2. Market Demand Dominance
Performance depends entirely on market prosperity. When demand is strong, stock prices soar; when demand shrinks, they plummet. Supply-side changes are directly reflected in stock prices.

3. The Double-Edged Sword of Price Volatility
High volatility means high risk, but also creates arbitrage opportunities for savvy investors. Those who can catch market turning points can profit handsomely.

4. External Risks Are Everywhere
Policy changes, global economic shocks, geopolitical factors—all can disrupt the cycle of cyclical stocks. Investors must stay alert at all times.

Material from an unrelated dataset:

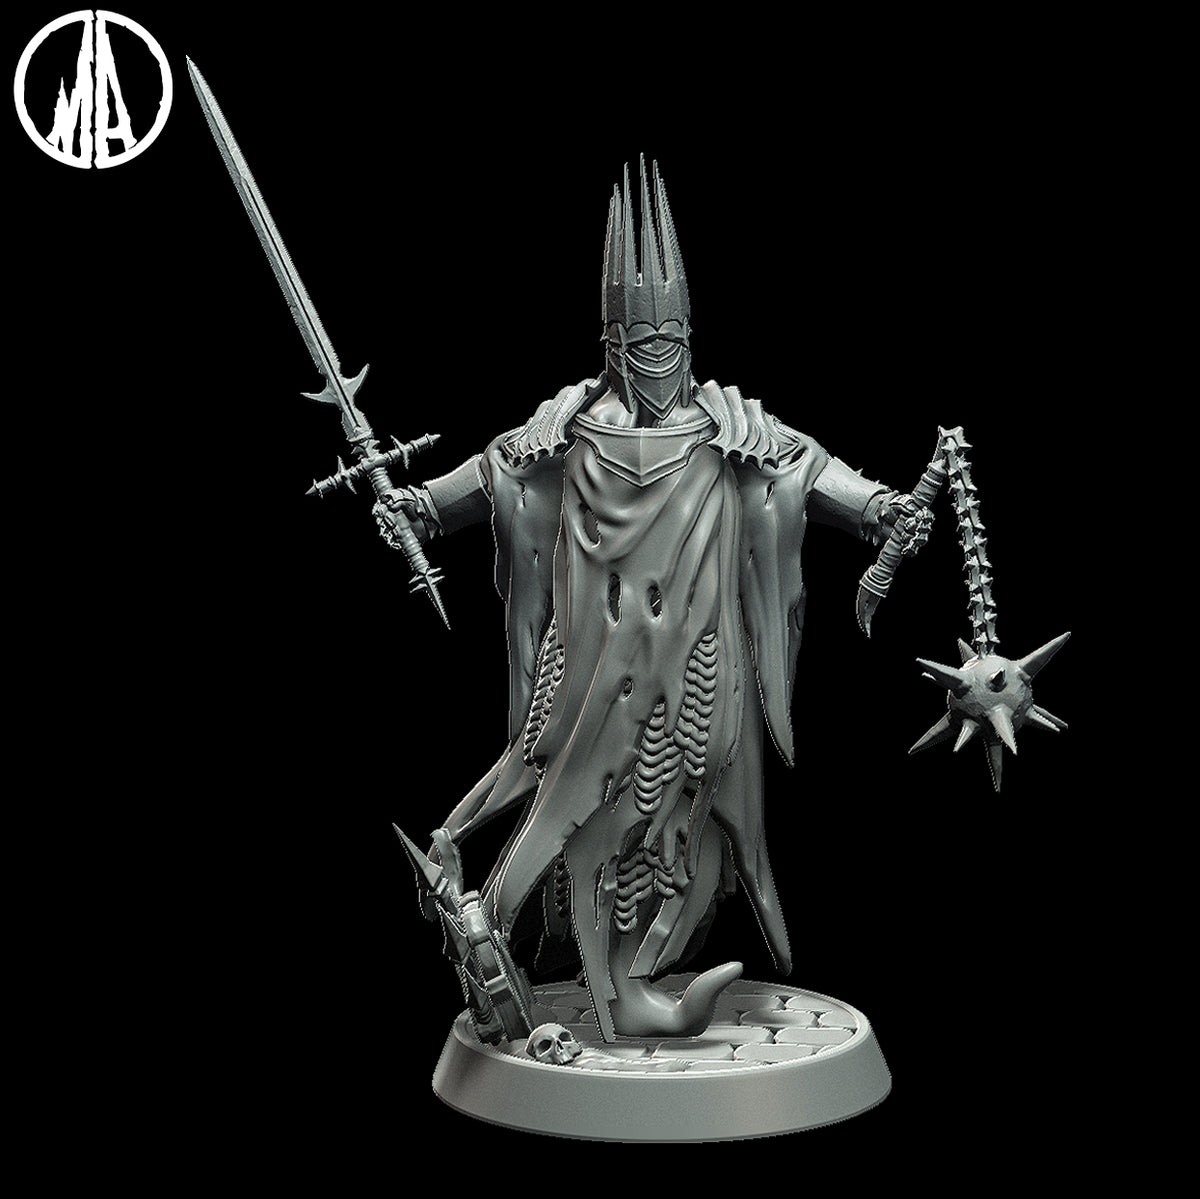 Wraith King | 32mm Scale Resin Model | From the Lost Souls Collection

Investment Returns and Risks

Returns
✅ Huge profit margins, investors with strong risk tolerance can achieve substantial short-term gains
✅ Economic cycles are predictable; investors can formulate forward-looking strategies accordingly
✅ Combining with other asset classes can help build a more balanced portfolio

Risks
❌ High volatility can cause weak-hearted investors to panic and suffer short-term losses
❌ Requires deep economic knowledge and analytical skills to seize the right timing
❌ External shocks like macro policies and global financial conditions are hard to predict
❌ Not suitable for conservative investors seeking stable wealth growth and long-term preservation

Cyclical Stocks vs. Defensive Stocks

Contrasting sharply with cyclical stocks are defensive stocks (Non-cyclical or Defensive Stocks). These companies produce daily necessities, and demand remains steady regardless of economic conditions.

Typical representatives include:

  • Coca-Cola (daily beverages)
  • Johnson & Johnson (healthcare)
  • Tesco (food retail and daily goods)
  • Diageo (alcoholic beverages)
  • NextEra Energy (utilities infrastructure)

These stocks tend to be less volatile but offer limited returns, making them the first choice for conservative, steady investors.

Final Reflection: Find Your Own Investment Rhythm

Once you understand the characteristics of different stock types, your investment decisions will become markedly different. Cyclical stocks require investors to accurately grasp economic cycles and understand the interaction between grassroots business operations and supply-demand dynamics.

Being able to see the underlying economic drivers behind a cyclical stock and judge which phase of the cycle it is in often determines the success or failure of your investment. Deeply understanding this will help you seize fleeting opportunities amid market fluctuations rather than passively following the tide.